For further clarification, let’s run a linear regression between age and personality dimensions.
# data set
ach <- covid %>%
select(Openness, Conscientiousness, Extraversion, Agreeableness,
Em_Stability, risk_self, risk_pop, risk_comp, age)
# linear regression of main effect
reg1 <- lm(age ~ Openness + Conscientiousness +
Extraversion + Agreeableness + Em_Stability, ach)
summary(reg1)##
## Call:
## lm(formula = age ~ Openness + Conscientiousness + Extraversion +
## Agreeableness + Em_Stability, data = ach)
##
## Residuals:
## Min 1Q Median 3Q Max
## -36.854 -12.917 0.913 13.256 37.664
##
## Coefficients:
## Estimate Std. Error t value Pr(>|t|)
## (Intercept) 16.8594 3.0337 5.557 3.57e-08 ***
## Openness -0.3666 0.4493 -0.816 0.414737
## Conscientiousness 1.5265 0.4281 3.566 0.000381 ***
## Extraversion 0.5389 0.3370 1.599 0.110093
## Agreeableness 2.7227 0.4575 5.952 3.74e-09 ***
## Em_Stability 1.3624 0.3882 3.510 0.000470 ***
## ---
## Signif. codes: 0 '***' 0.001 '**' 0.01 '*' 0.05 '.' 0.1 ' ' 1
##
## Residual standard error: 15.73 on 939 degrees of freedom
## Multiple R-squared: 0.1268, Adjusted R-squared: 0.1222
## F-statistic: 27.28 on 5 and 939 DF, p-value: < 2.2e-16
That is about as nice as it gets I suppose
It appears there is a significant main effect between agreeableness, emotional stability and conscientiousness on age (p < 0.001) and a significant regression equation was found (F(5, 939) = 27.28, p < 0.001).

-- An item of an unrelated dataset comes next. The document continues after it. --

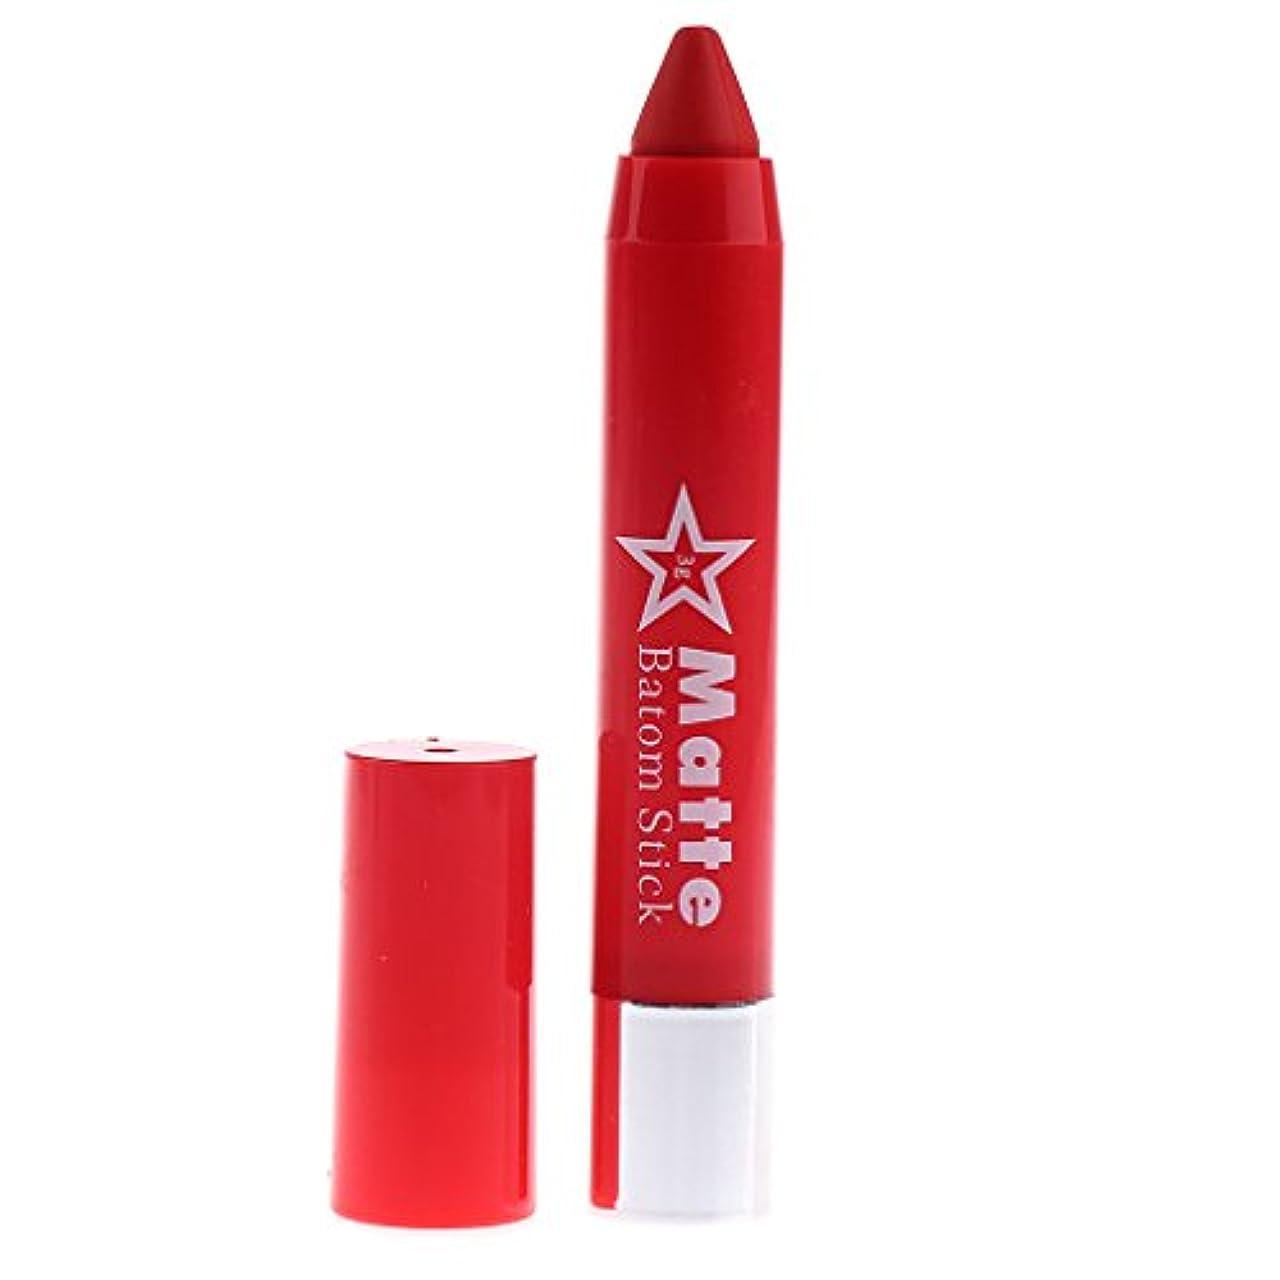 レオナルドダ分離群集6色セット 長持ち 保湿 口紅 リップスティック 高彩度カラー 人気カラー 携帯便利 女性のギルト - #F
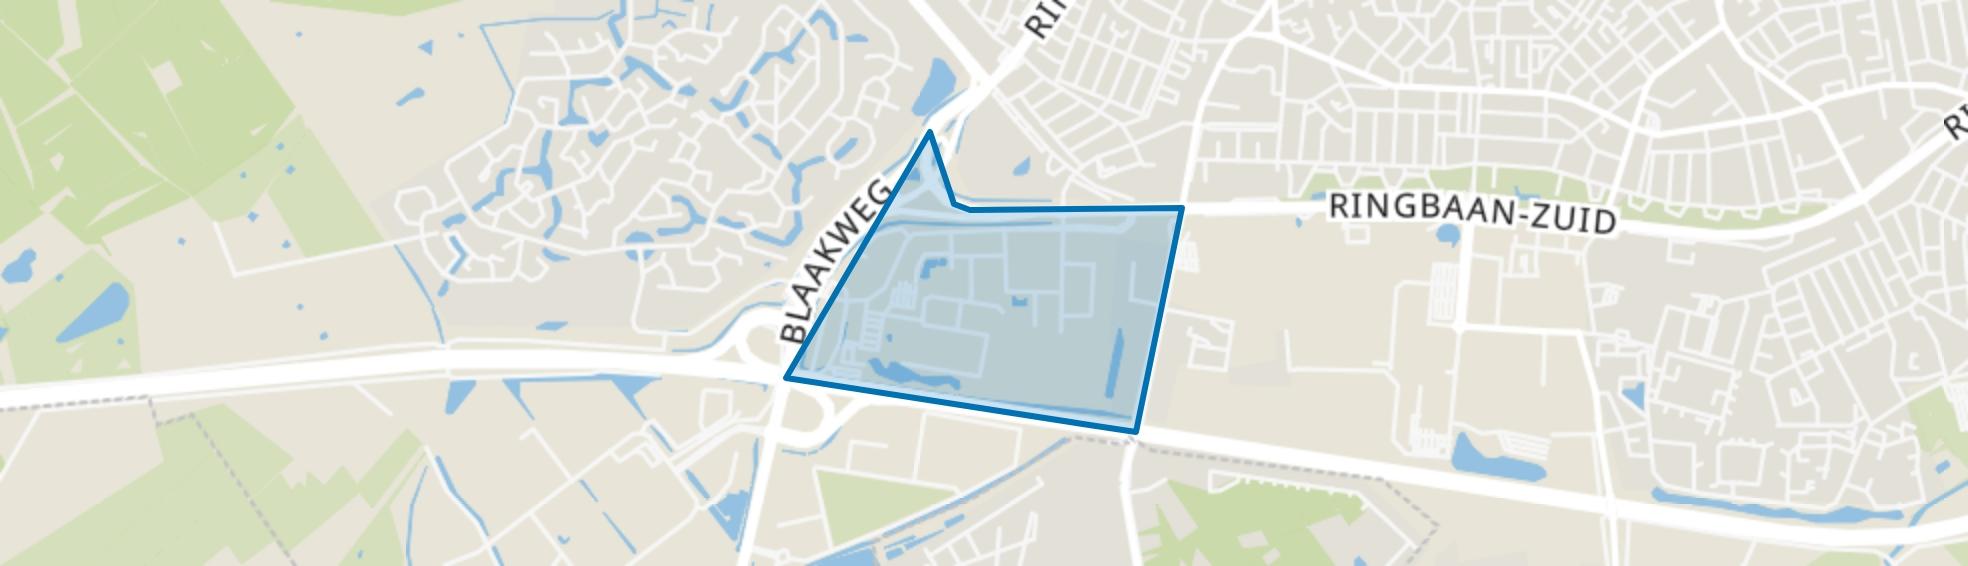 Bedrijventerrein Het Laar, Tilburg map

# new data set with average risk variable
new <- covid %>%
select(Openness, Conscientiousness, Extraversion, Agreeableness,
Em_Stability, risk_self, risk_pop, risk_comp, age) %>%
mutate(avg_risk = (risk_self + risk_comp + risk_pop)/3) %>%
select(-starts_with("risk"))
# linear regression of main effect
abba <- lm(avg_risk ~ Openness + Conscientiousness +
Extraversion + Agreeableness + Em_Stability, new)
summary(abba)##
## Call:
## lm(formula = avg_risk ~ Openness + Conscientiousness + Extraversion +
## Agreeableness + Em_Stability, data = new)
##
## Residuals:
## Min 1Q Median 3Q Max
## -2.57099 -0.62359 0.02178 0.56369 2.59794
##
## Coefficients:
## Estimate Std. Error t value Pr(>|t|)
## (Intercept) 2.61375 0.17092 15.292 < 2e-16 ***
## Openness 0.02187 0.02531 0.864 0.388
## Conscientiousness 0.03112 0.02412 1.290 0.197
## Extraversion -0.01380 0.01898 -0.727 0.468
## Agreeableness 0.03418 0.02577 1.326 0.185
## Em_Stability -0.08872 0.02187 -4.056 5.4e-05 ***
## ---
## Signif. codes: 0 '***' 0.001 '**' 0.01 '*' 0.05 '.' 0.1 ' ' 1
##
## Residual standard error: 0.8862 on 939 degrees of freedom
## Multiple R-squared: 0.01863, Adjusted R-squared: 0.01341
## F-statistic: 3.565 on 5 and 939 DF, p-value: 0.003364
There is a main effect between emotional stability and average perceived risk (p > 0.001) with a relatively significant regression equation found (F(5, 939) = 3.57, p < 0.01)
To visualise this, I thought it would be appropriate to add a quick plot.
why <- covid %>%
select(Openness, Conscientiousness, Extraversion, Agreeableness,
Em_Stability, risk_self, risk_pop, risk_comp) %>%
mutate(avg_risk = (risk_self + risk_comp + risk_pop)/3) %>%
pivot_longer(
cols = Openness:Em_Stability,
names_to = "Dimension",
values_to = "mean"
) %>%
mutate(Dimension2 = ifelse(Dimension == "Em_Stability",
"Emotional Stability", Dimension)) %>%
select(Dimension2, mean, avg_risk)
ggplot(why, aes(x = mean, y = avg_risk, colour = Dimension2)) +
theme_minimal() +
geom_smooth(method = "lm", se = FALSE) +
theme(panel.background = element_rect(colour = "black", size = 1/40),
axis.title.x = element_text(family ="Arial Narrow",
size = 14, face = "bold"),
axis.title.y = element_text(family = "Arial Narrow",
size = 14, face = "bold")) +
xlab("Score") +
ylab("Average Perceived Risk")I guess the effect is a bit more obvious now
Challenges/Successes
I successfully managed to conduct some linear regressions and make a correlation plot using the packages corrplot and rstatix. However, I am quite unsure as to whether or not I completely butchered the reporting of the test results but time will tell.
Next steps
I intend to continue learning statistics in R and start making a huge dent into my verification report.